There are great L&D nurses out there, I promise!!

Depending on the culture of the unit, a lot of L&D RNs become very accustomed to managing labor almost independently, from cervical checks to adjusting pitocin to deciding on and placing internal monitors to coaching pushing. With a doc just coming in only at the exact moment of baby catching. With precip deliveries nurses often do the catching as well. I've seen many nurses take pride in that independence, to the point that they get bitter about having to yield that autonomy-- especially to residents. Nurses that have a long history of working with trainees tend to be better about it overall. Younger nurses or those used to community hospitals tend to be the worst.
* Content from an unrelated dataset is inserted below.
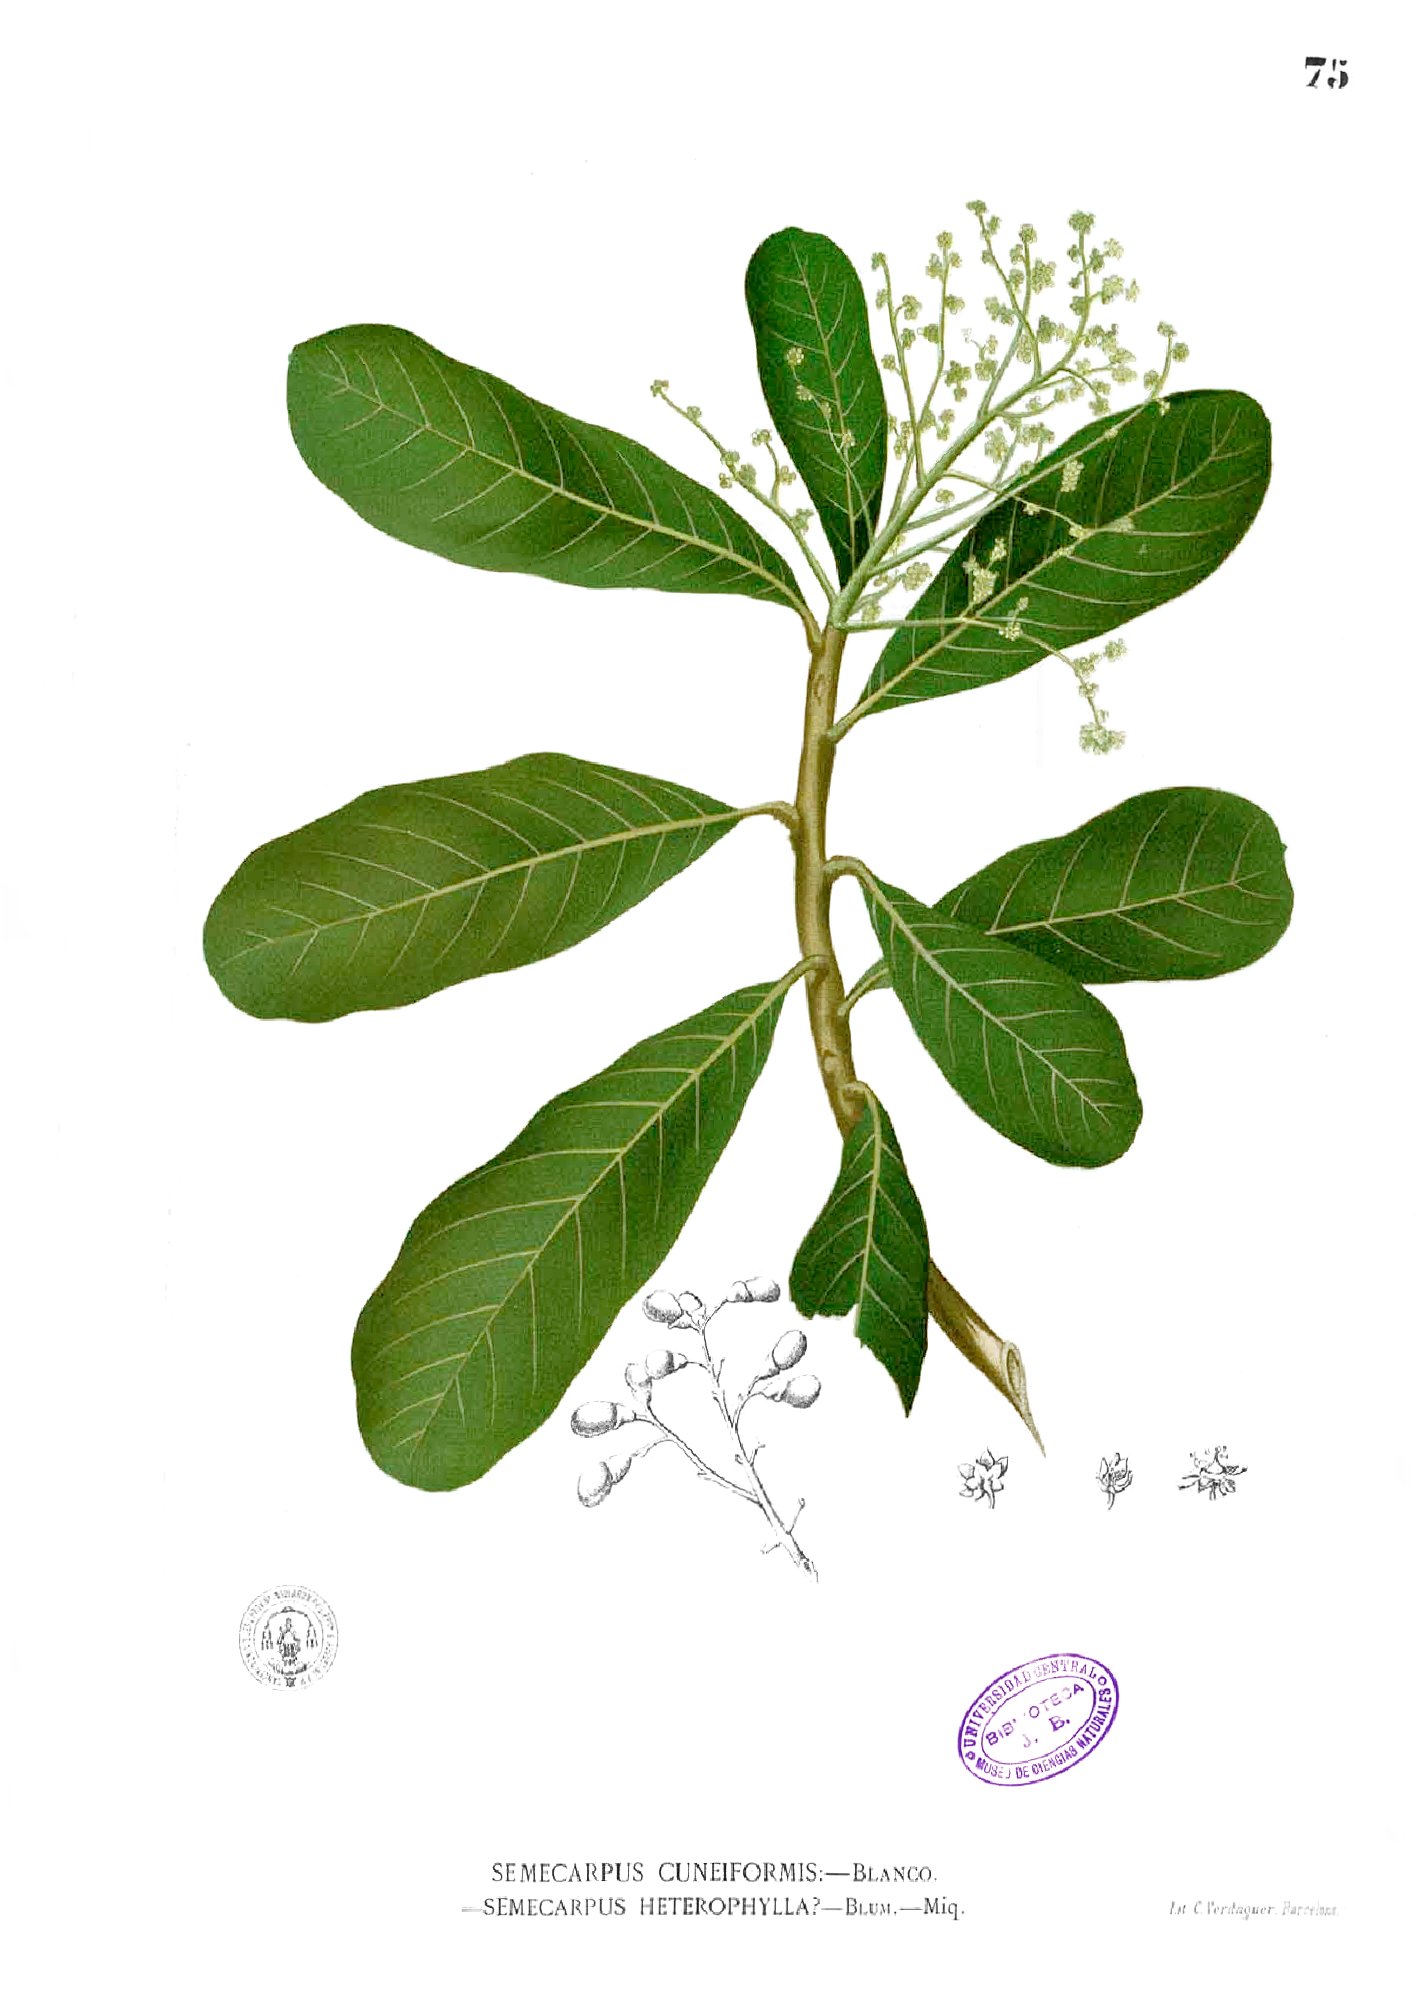 Semecarpus microcarpa Blanco1.75

I agree with the advice above. You certainly don't have to suck up to anyone, but laying low until you've proven yourself is usually the best way to go. The interns I've seen have the most trouble are the ones who refuse to acknowledge that they might not be the best at tough cervical checks, or at realizing when minimal variability isn't just a sleep cycle, etc. I wasn't that intern because I was terrified and asked for validation on every little thing- so I ended up as the intern who got walked all over by nursing (through my first two blocks of OB). You want to be somewhere in the middle of that spectrum. Depending on your program's volume it will take a while for your practical knowledge to outstrip the more experienced nurses' - but it eventually will.
 
This is not uncommon. L and D nurses are some of the most irritating nurses out there. At some crappy places, they get a lot of autonomy which I have issues with. They make the mistake of thinking experience as being equivalent to a residency or something. It's not uncommon for them to be completely behind the times regarding the most up to date literature.
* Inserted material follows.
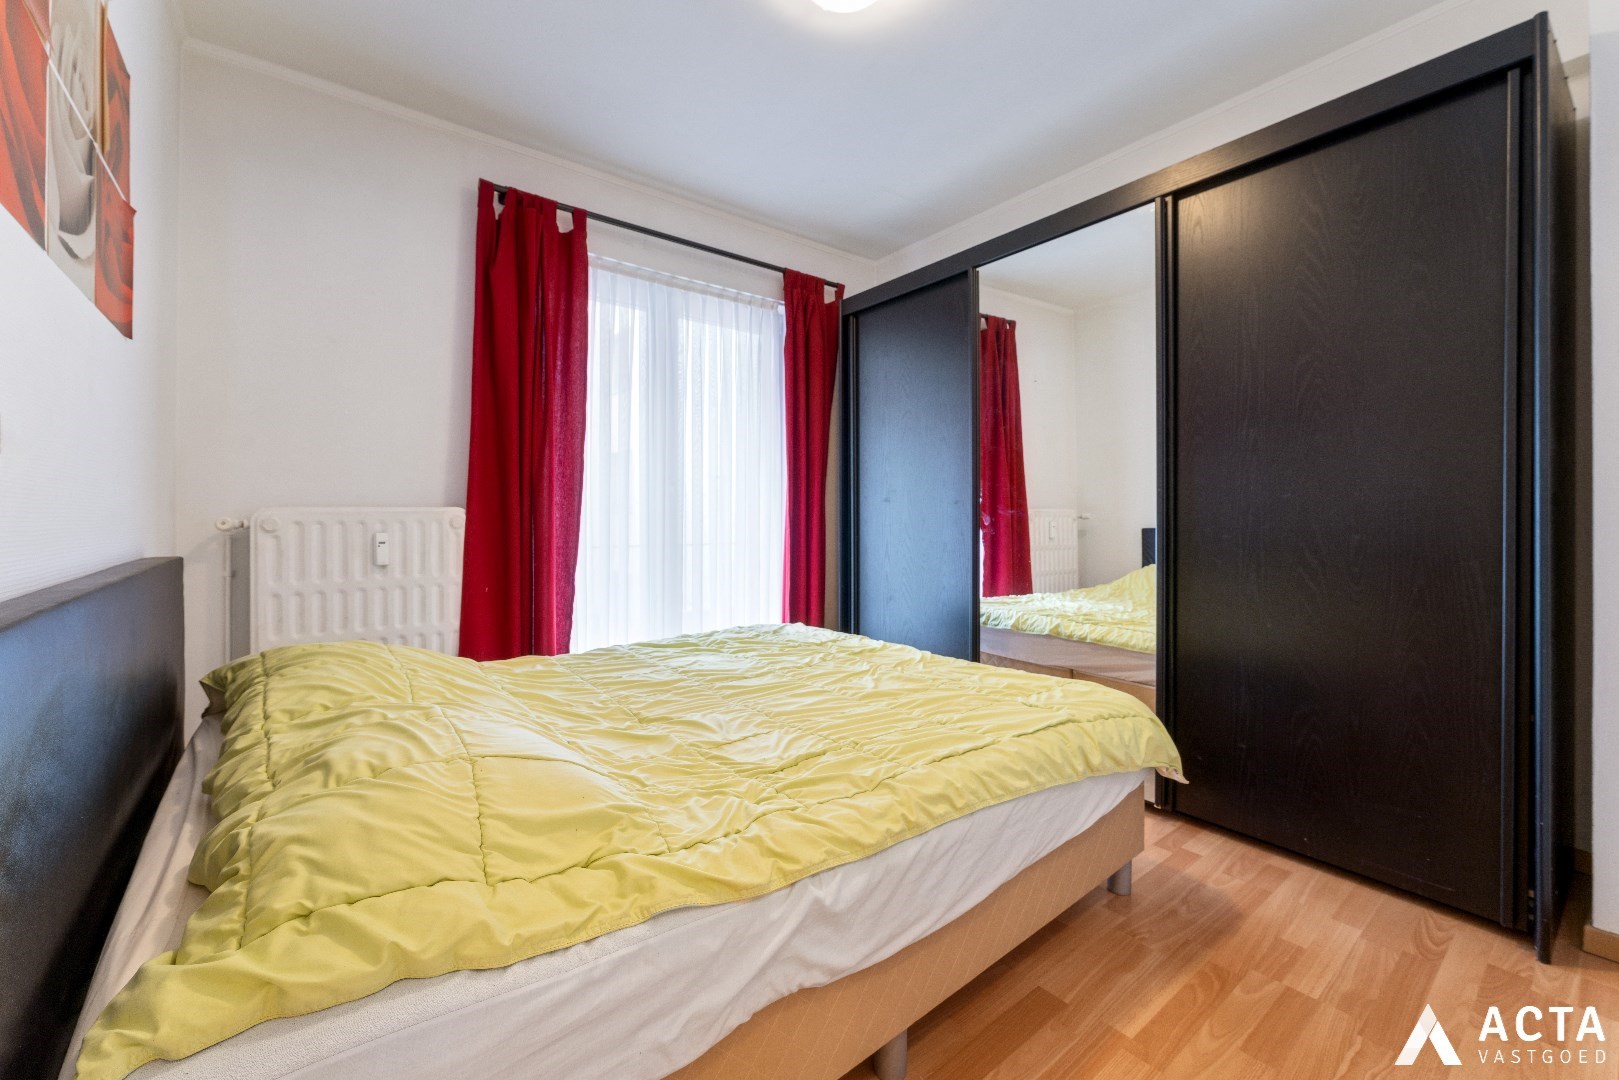 Instapklaar appartement met 2 slaapkamers in centrum Oostende!

You just have to pick and choose your battles. Don't get lulled into a false sense of security by an over confident nurse. Learn some stuff from them but eventually your knowledge will surpass them. And it's not uncommon for them to have issues with females residents either.
 
I've seen this one or twice on my OB rotation right now. I or one of the other residents make an order, they go off ranting about how "insane" it is.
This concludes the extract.